The door sealed behind them, and the corridor outside A Block brought back the controlled quiet of Cube X. Screens tracked vitals, security routes, and block statuses. Elias walked beside Oliver in the green outfit, feeling less dressed than labeled.

"Where are we going this time?"

"Room 3-A for the Shard Impact Scan. It measures how the shard is seated, how your body is responding, and whether your Ikona can be detected through standard equipment, and you do not discuss results outside authorized areas."

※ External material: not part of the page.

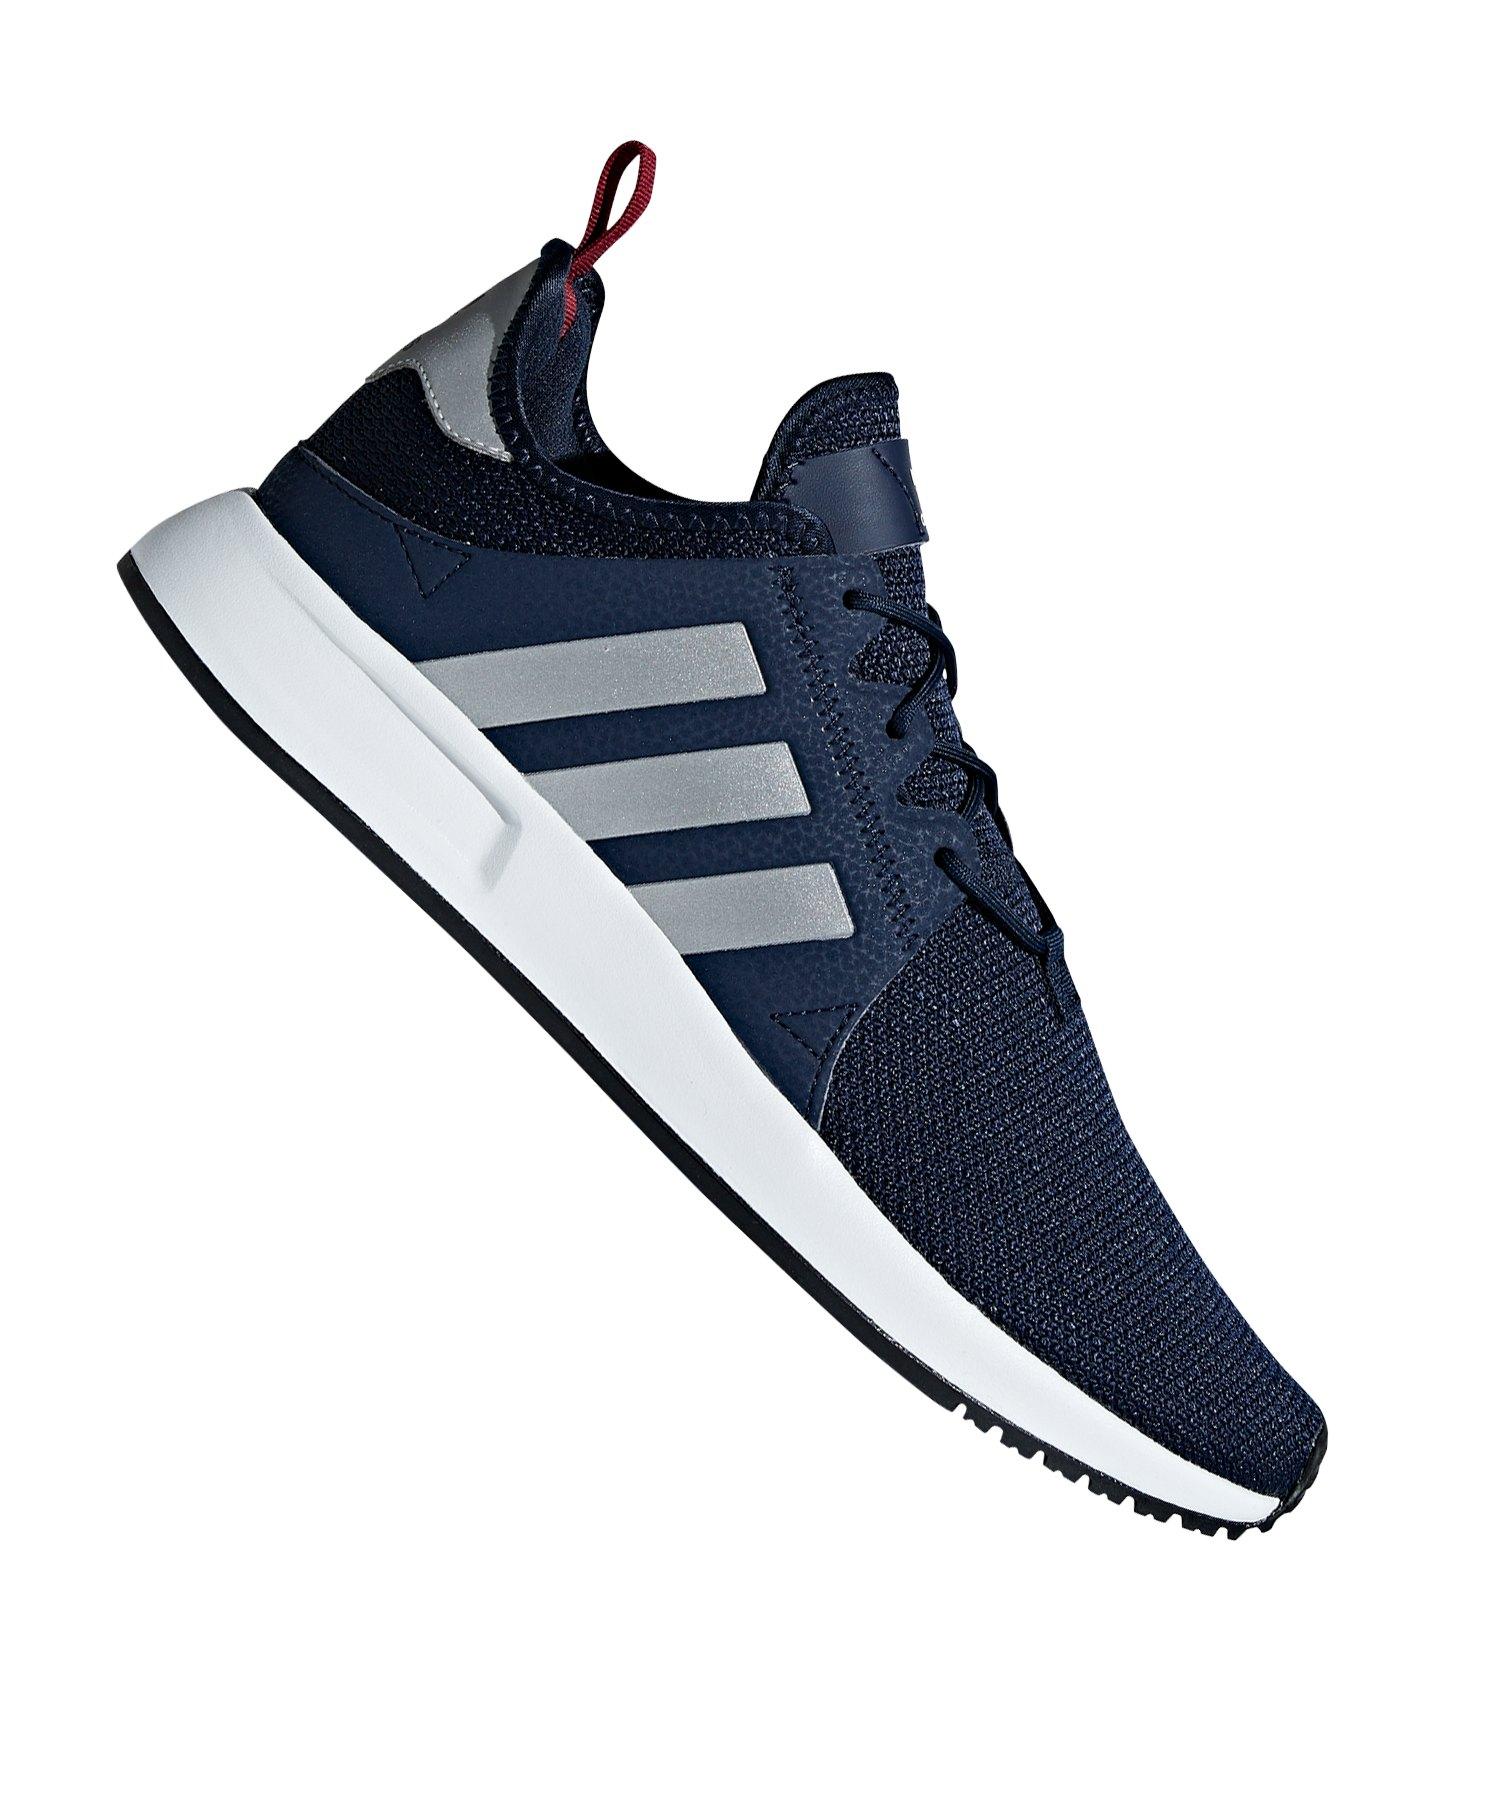 adidas Originals X_PLR Sneaker Blau Silber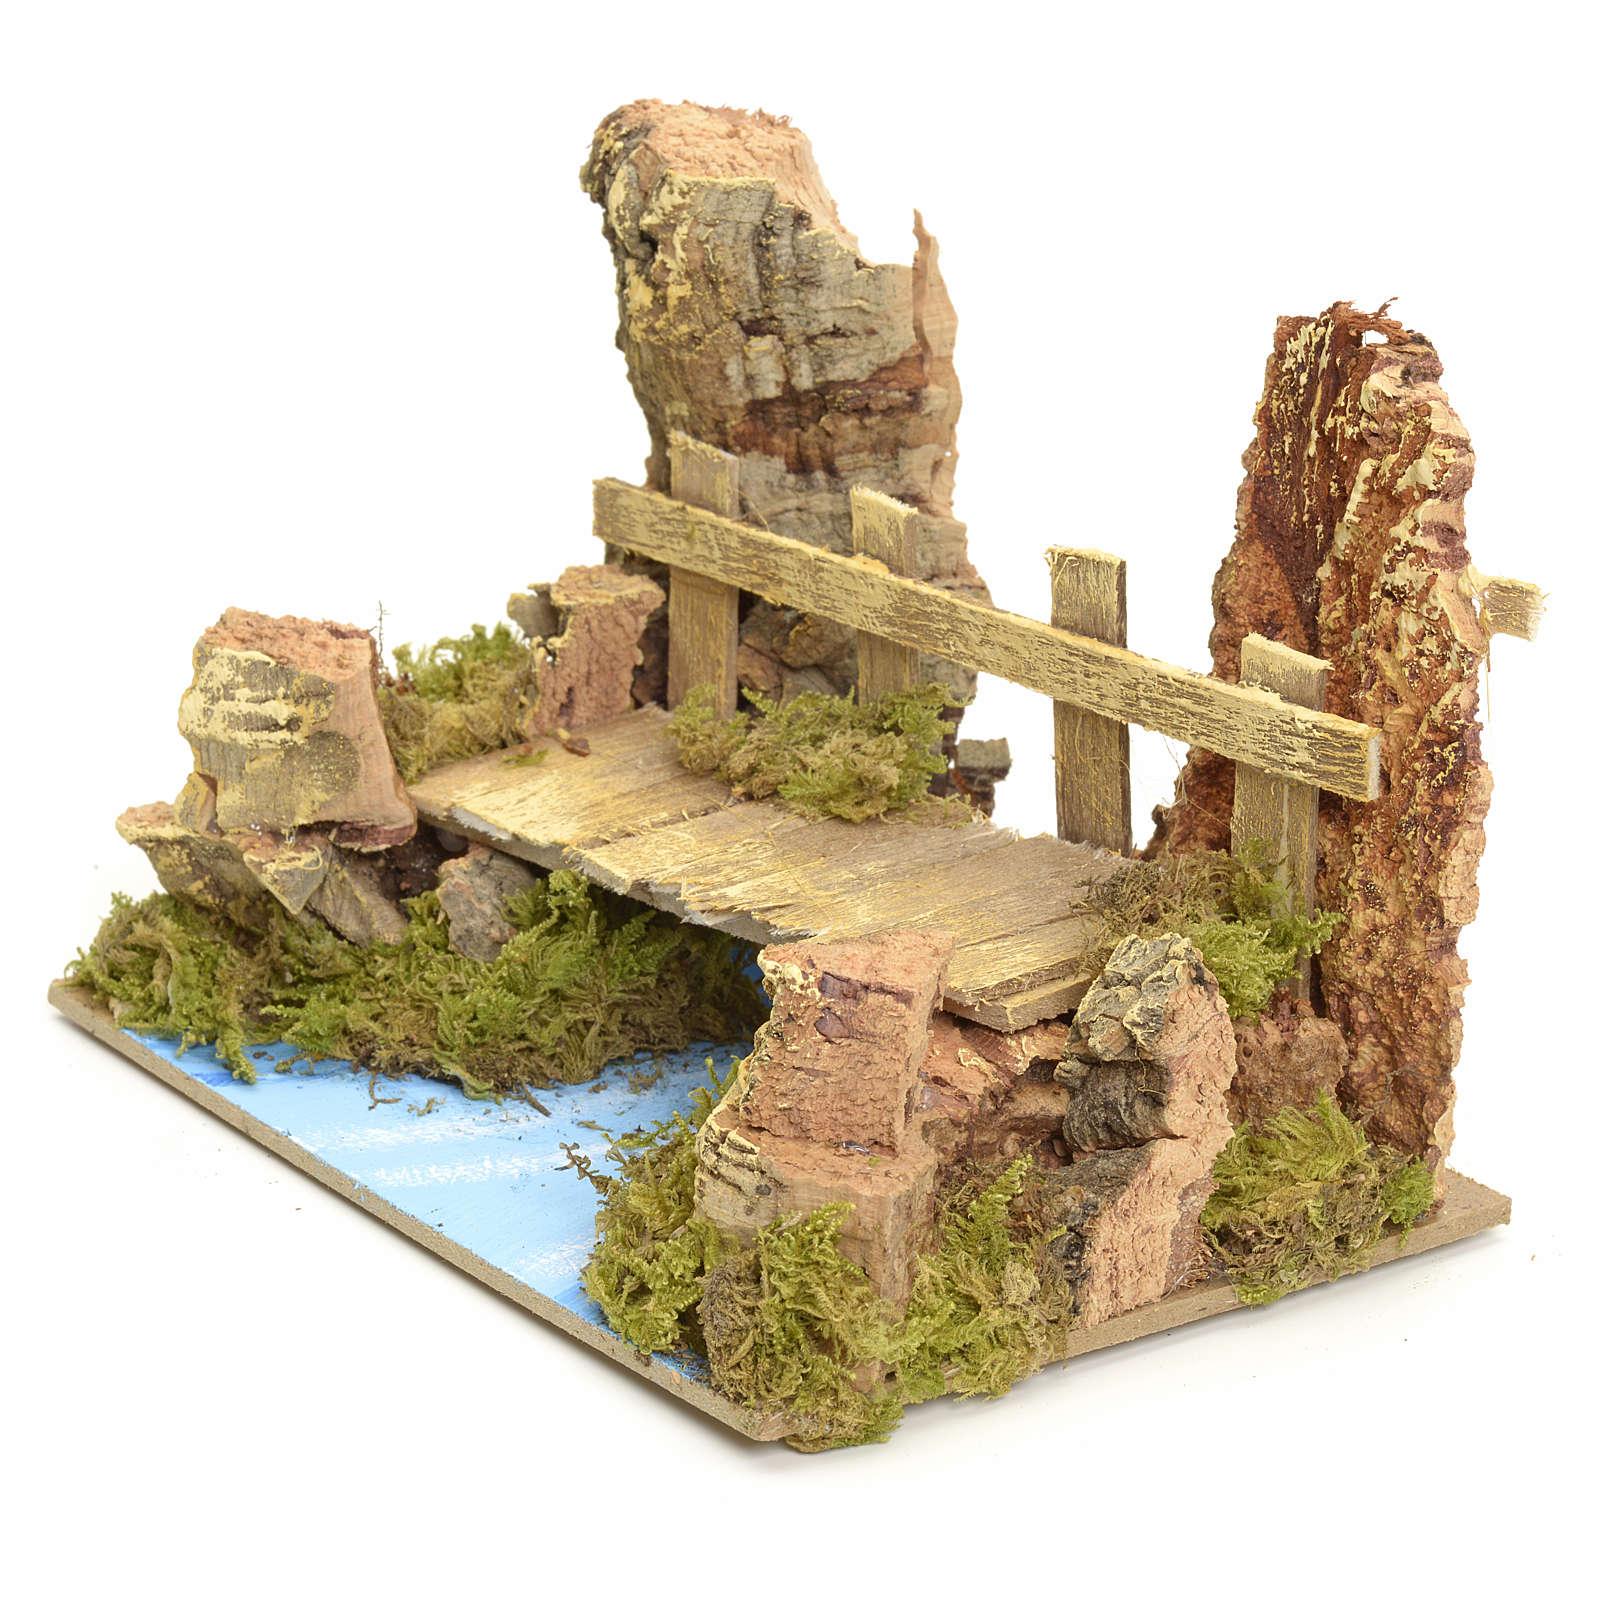 Ponte su fiume 10x15x10 cm per presepe 4

"That is the second version of that warning today."

"Expect more versions before dinner today."

Room 3-A opened into a medical testing chamber. A metal table sat in the center under a circular scanner mounted on a track. Monitors lined the walls with skeletal diagrams, heat maps, and layered body models. A man in a lab coat stood near the main console, turning an empty vial between his fingers.

He looked at Elias, then at Dot, and when Dot lifted a hand, the doctor's eyes followed the movement.

Elias stopped. "You can see her moving beside me?"

"Not clearly enough for certainty yet," the doctor said. "Enough to know something waved in my direction. I am Doctor Halden, and you are here because your shard refuses to behave like a quiet piece of foreign material."

Dot drifted closer to him. "I like him already, because he noticed me first."

Halden smiled at the empty air near her, then pointed toward the table.

"Climb up onto the table, Elias. The scan is painless unless you are emotionally attached to privacy."

"I have lost too much today to defend that last part."

Elias lay flat on the table. The scanner lowered until it hovered above his chest. Small nodes lit one after another, and a vibration moved through him from throat to ribs to stomach. It was not pain. It was pressure, like the machine was asking his bones a question.

Dot hovered near his shoulder, watching the scanner with open suspicion.

"If it steals my shape, I am blaming the doctor."

"Reasonable enough for this testing room," Halden said, making a note. "Paranoid, but reasonable enough for today."

The scan passed over Elias twice before the machine chimed.

Halden pulled the first image onto a glass panel and then raised a second beside it.

"Left side is a normal scan, mine actually, because I was available and vain enough to compare well, while the right side is yours."

Elias sat up.

The difference was immediate.

The normal image showed bone, tissue, and ordinary shadows. His own scan carried thin blue-white lines through the body, threading around veins, organs, and bone like a second circulatory map. The shard sat below the sternum, tucked into him with a precision that made surgery seem too crude a word.

It did not look stuck. It looked installed.

Elias touched the center of his chest. "That is inside me right now."

"Very much inside you at the moment," Halden said. "Integrated better than most, and I have only seen this level of connection in two others so far: Kikaru and Gavlin."

"Gavlin is from another block, right?"

"Correct, with different expression and similar depth. Do not compare personalities based on scans, because the universe enjoys making doctors look stupid."

Dot moved closer to the image and, for once, did not joke.

"Elias, that line reaches where I sleep," she said.

He looked at the web again, and the room felt colder than before.